В первой фразе романа пани Мюллерова говорит: «Убили, значит, Фердинанда-то нашего». Швейк тут же отвечает: «Обоих ни чуточки не жалко», имея в виду своих знакомых — либо того, кто «по ошибке выпил бутылку жидкости для ращения волос», либо Фердинанда, который «собирает собачье дерьмо». То есть он отвечает не пани Мюллеровой, а себе. Вот тут и разгадка. В Швейке — или за Швейком, или над Швейком — шум времени, музыка сфер. Ее он и слышит. И музыка этого иного мира прекрасна и гармонична. Все сложности Швейк разрешает тем, что подбирает и рассказывает подходящую историю, где все правильно и разумно, — то есть переводит проблемы в иную плоскость.
У Швейка писательское мышление: цепь ассоциаций, телескопическое повествование, прием матрешки. Его побочные байки, которых в романе около двухсот, — не логорея, а терапия. Защита от реальности. Он не пациент, а целитель.
Его формулы реально применимы к жизни. О перспективе попасть в плен: «Всякому занятно посмотреть чужие края, да еще задаром». В камере: «Здесь недурно. Нары из струганого дерева». Жене знакомого, которому неделю назад дали десять лет тюрьмы: «Ну вот видите! Значит, семь дней уже отсидел».
Истины тут несложны: «Не будь у меня медицинского свидетельства, что я пятнадцать лет назад укокошил свою тетку, меня бы уж раза три расстреляли на фронте. — А на кой ты укокошил свою тетеньку? — На кой люди убивают, каждому ясно: из-за денег». Эмоции незатейливы: «Знай, я пишу это письмо в сортире на доске возле дыры, между нами все кончено. Твоя бывшая Божена».
Кафка — подсознание Праги, Швейк — альтернатива. Второй мир Кафки так же ужасен, как реальный, что лишает всякой надежды. Второй мир Швейка — прост и лучезарен.
Он неуязвим, как сказочный персонаж. Его девиз: «Никогда так не было, чтобы никак не было». В него и стрелять бессмысленно — как в подушку. Швейк — божий безумец, с упором на первое слово. Ему внятно нечто такое, что неведомо другим. Он знает, что внешнее бытие — суета, в нем трезвый пафос выживания: жизнь дана, чтобы жить.
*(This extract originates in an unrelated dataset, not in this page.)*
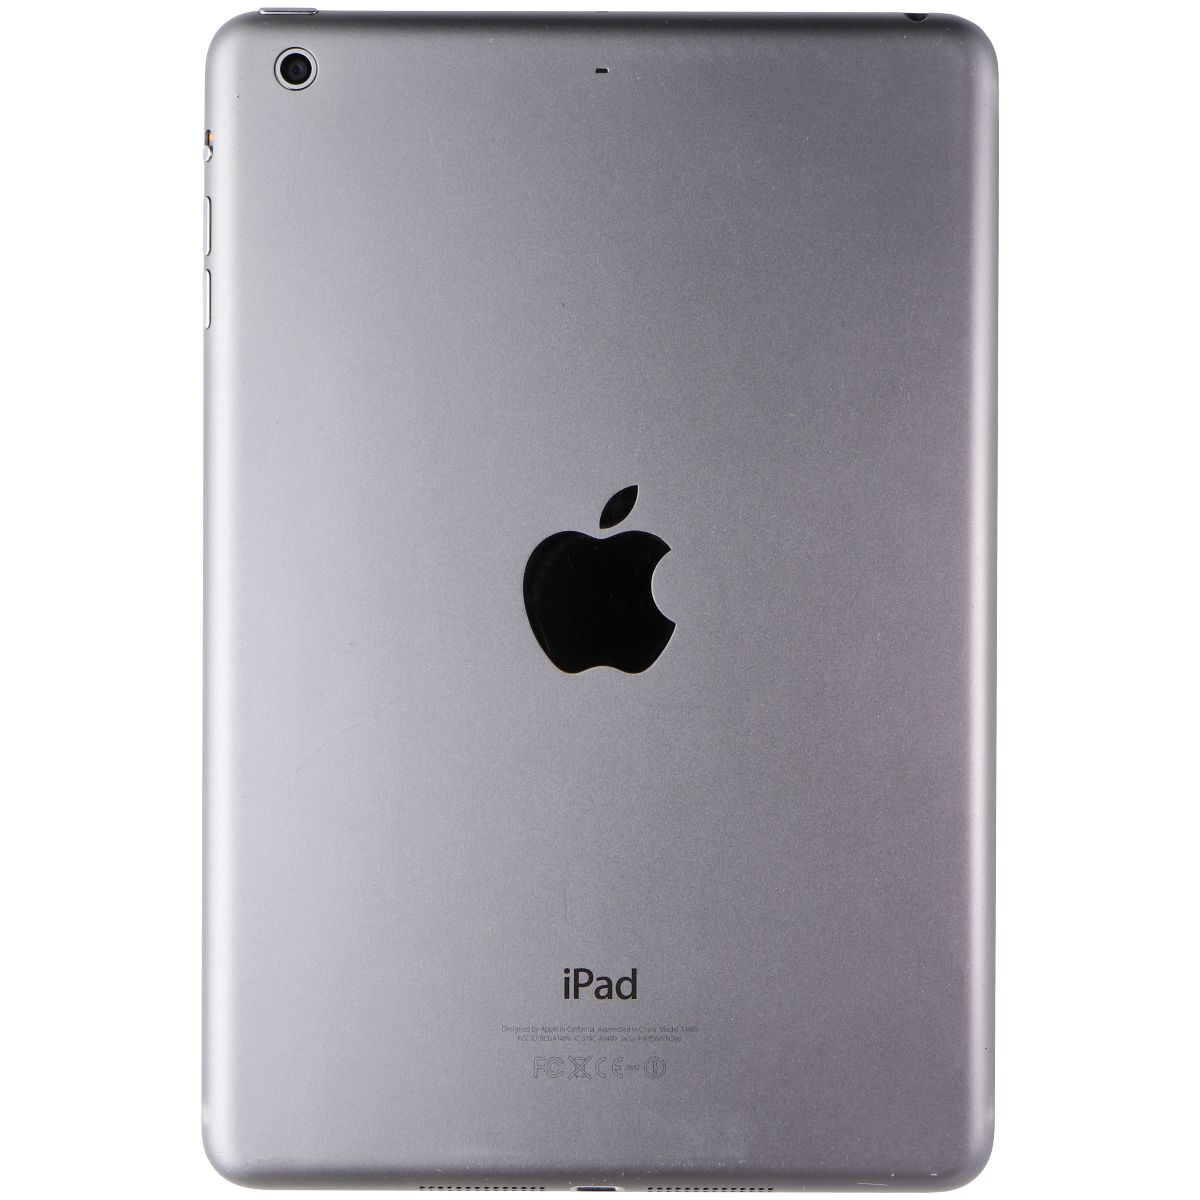 Apple iPad mini 2 (Wi-Fi Only) A1489 - 128GB/Space Gray (ME856LL/A) iPads, Tablets & eBook Readers Apple    - Simple Cell Bulk Wholesale Pricing - USA Seller

Швейк поучительно рассказывает о суетливости некоего Нехлебы с Неказанки (у хорошего писателя все точно: Неказанка была улицей злачных заведений, это теперь там банки и агентства путешествий), который «вечно мечтал стать добродетельным и каждую субботу начинал новую жизнь, а на другой день рассказывал: „А утром-то я заметил, братцы, что лежу на нарах!“
Быть может, объяснение загадочного творческого скачка Гашека — от репортерских фельетонов и средних юморесок к громаде «Швейка» — в том, что он стал прислушиваться к Швейку в себе, не управлять жизнью, а подчиняться ее течению. Прежде писал и жил иначе: проявлял способность к поступкам и совершал их, даже с избытком.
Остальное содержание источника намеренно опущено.